In Omnipotent Government, Mises argued: "The essential teaching of [classical] liberalism is that social cooperation and the division of labor can be achieved only in a system of private ownership of the means of production, i.e., within a market society, or capitalism. All the other principles of [classical] liberalism, democracy, personal freedom of the individual, freedom of speech and of the press, religious tolerance, peace among the nations are consequences of this basic postulate. They can be realized only within a society based on private property."
Finally, and in full acknowledgement that a free society would inevitably include some people with racist ideas and attitudes, a key question must be asked. Compared to what? If libertarianism fails the "racism test," then what social organization offers a passing grade? The results do not need to be perfect – they never will be – all they need to be is better than any of the other alternatives. Compared to statism, libertarianism would produce a racist-free paradise.

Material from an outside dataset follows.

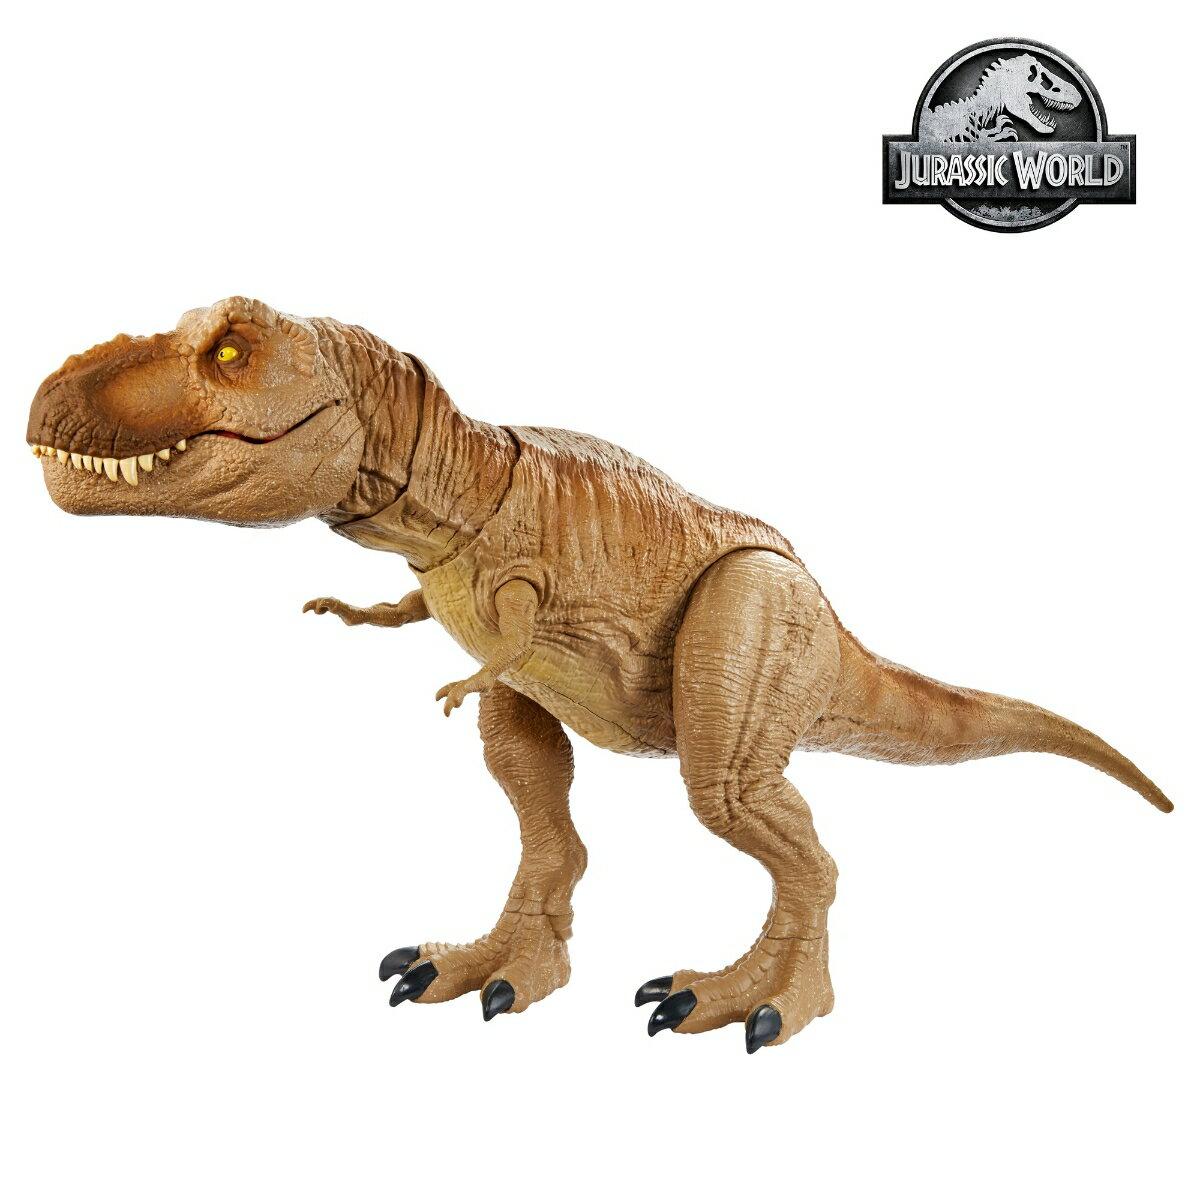 ジュラシック・ワールド スーパーアクション!T-レックス【サバイバル・キャンプ地図、恐竜ステッカー付】【全長:約55cm】 GJT60

Racism has been institutionalized and even mandated by states throughout history. It was woven into the first fabric of America through the 3/5ths rule in the Constitution that allowed slave states to count each slave as 3/5ths of a white man for purposes of voting. From black code laws and fugitive slave ones to laws against manumission, the state acted to cement racism into society. Statism, not libertarianism, supported the private individuals who profited from the abomination of slavery. And, then, there was the slaughter of untold native Indians and the herding of survivors into concentration camps called reservations.
The racism of the modern American state runs deep. Jim Crow laws were just that – "laws." During World War II, it was the turn of the Japanese to be herded into camps. And, when the Great Society was declared by President Johnson, it quickly embedded double standards based on race into the law; for example, affirmative action. Even apparently race-neutral measures are implemented in such a manner as to harm blacks disproportionately: gun laws, the war on drugs, police immunity.
Religious wars such as the one raging in the Middle East, genocides such as Stalin's mass murder of the Kulaks, forced famines such as the Great Starvation of Ireland in 1845-1852... Pull the curtain back on any massive, sustained and murderous racism, and the face of the state will be seen.
Yet appealing to a gang of thugs who've left an unbroken trail of blood through history is offered as the solution to a baker who will not sell a cake to gays or an employer who does not want to hire blacks.
Libertarianism cannot deliver utopia because nothing can; human beings are imperfect. A libertarian society will merely will seem like utopia because of what has gone before. The non-aggression principle combined with non-violent tactics is the best possible solution to the problem of racism.